For this research, the Florida Poison Information Center (FPIC) provided access to all the cases

recorded in its Jacksonville database from 2002 through 2006. With the addition of a fifth year,

the cleaned database used for system generation now contains 37,617 single exposure cases and

8,901 multiple exposure cases.









Diagnosing Multiple Exposures using Solely Multiple Exposure Cases

During the initial phase of testing, all multiple exposure cases are extracted from the

database. TESS standards require that each substance involved in a toxic exposure be assigned a

sequence number that ranks the substance in accordance with its relative contribution to the

observed clinical effects. To simplify the initial attempts to diagnose multiple disorders, only the

primary and secondary contributors in each multiple exposure case are considered. TESS

standards also require that substances be recorded by a product specific code as well as a generic

substance code. From this requirement, a problem arises. When determining the number of

substances involved in an exposure, the FPIC database uses the product specific code. As a

result, two products marketed by different companies are listed as separate substances, even if

their active ingredient is the same. When cleaning the data, if the generic substance codes for the

top three contributing substances are identical, the case is removed from the dataset. If the first

two generic substance codes are identical but the third is different, the third substance is treated

as the secondary contributor for the case. Finally, the multiple exposure cases are filtered so that

only cases resulting in minor effects, moderate effects, major effects, or death are used to train

and test the system. The cleaned dataset contains 8,901 multiple exposure cases.
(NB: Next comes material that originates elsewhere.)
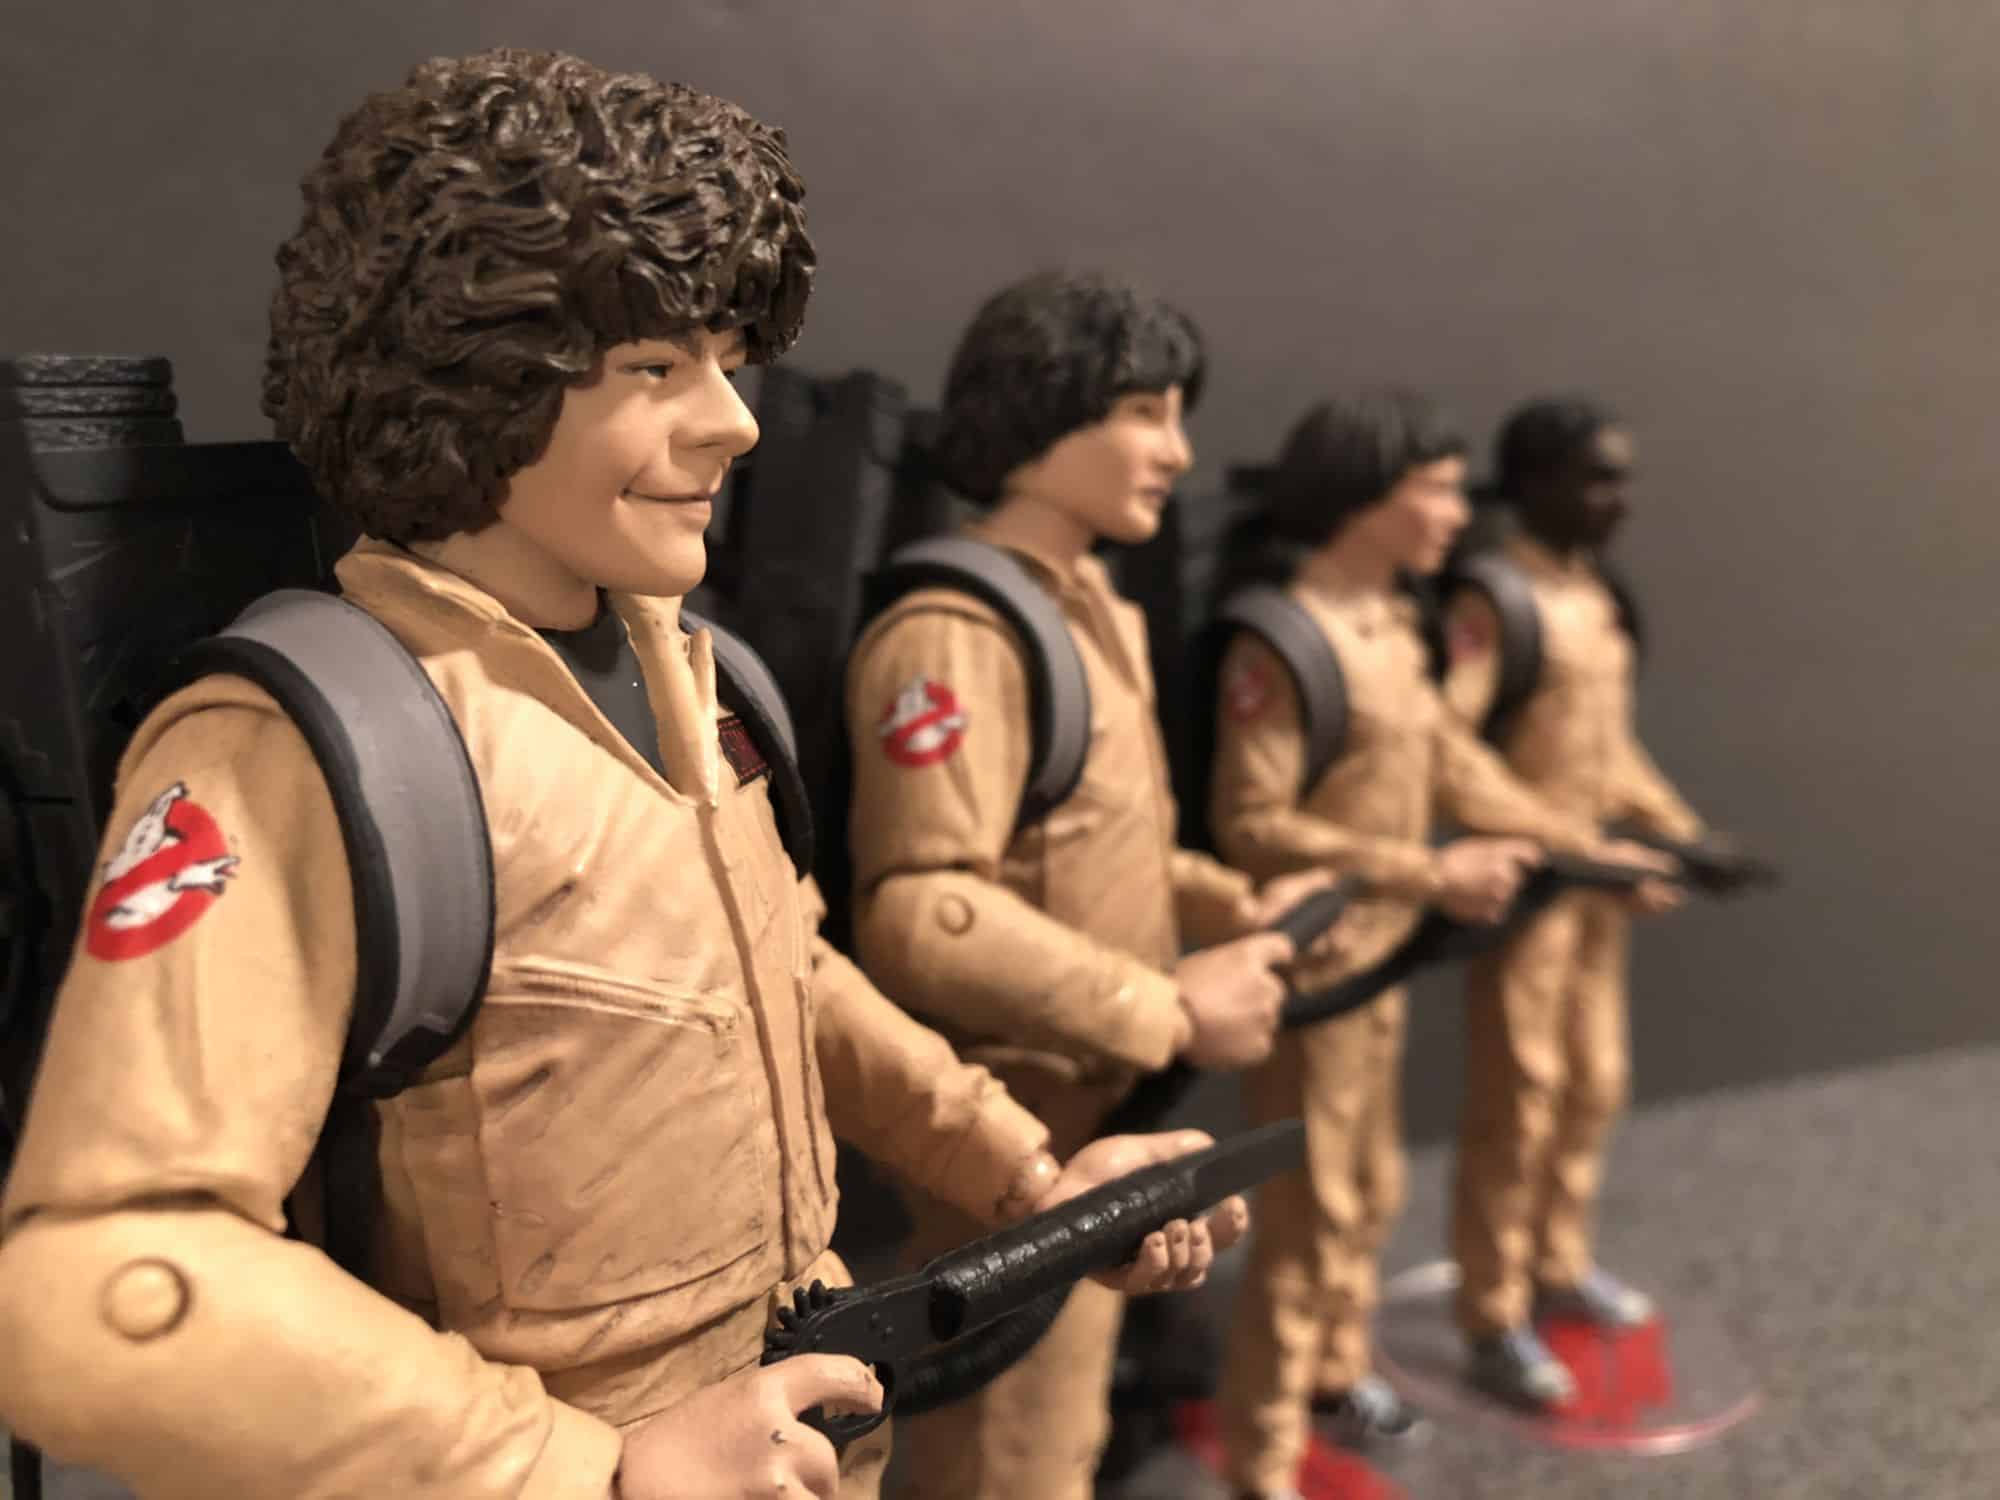 stranger things ghostbusters toys

When generating the multiple exposure system, each pair of primary and secondary

contributors is trained individually as a single diagnosis. Prior probabilities, adjusted likelihood

ratios, and both MC and MCE filters are calculated and implemented in the same manner as

discussed in Chapter 5. Testing also follows the same process of training the system on

approximately 90% of the cases and then attempting to diagnose the remaining 10% of the cases.

By repeating the process ten times, the system is completely tested against every case in the

database. Finally, the results are combined and accuracies calculated as the percentage of test

exposures identified correctly in the top 10% of the trained diagnoses.









The original results from training and testing the system on multiple exposure cases are

displayed in the first column of Table 6-1. With an accuracy ranging from 28.3% to 50.1%, the

system's deplorable performance is painfully obvious. To further explore the failure, the system

was tested for MC values of 15, 20, and 25. The results of these tests show a similar lack of

accuracy (Table 6-1). Looking at the rows in the table from left to right, we can see that the

performance gradually decays as MC increases. As discussed in Chapter 5, such an observation

is expected due to the MC cutoff lowering the number of diagnoses included in the top 10%.

The most interesting characteristic of the data in Table 6-1 is that as the severity increases, the

accuracy decreases. This observation is contrary to the results observed in the single exposure

system. Normally, the system's accuracy increases with severity because more severe cases

contain more clinical effects, making diagnosis easier for the system.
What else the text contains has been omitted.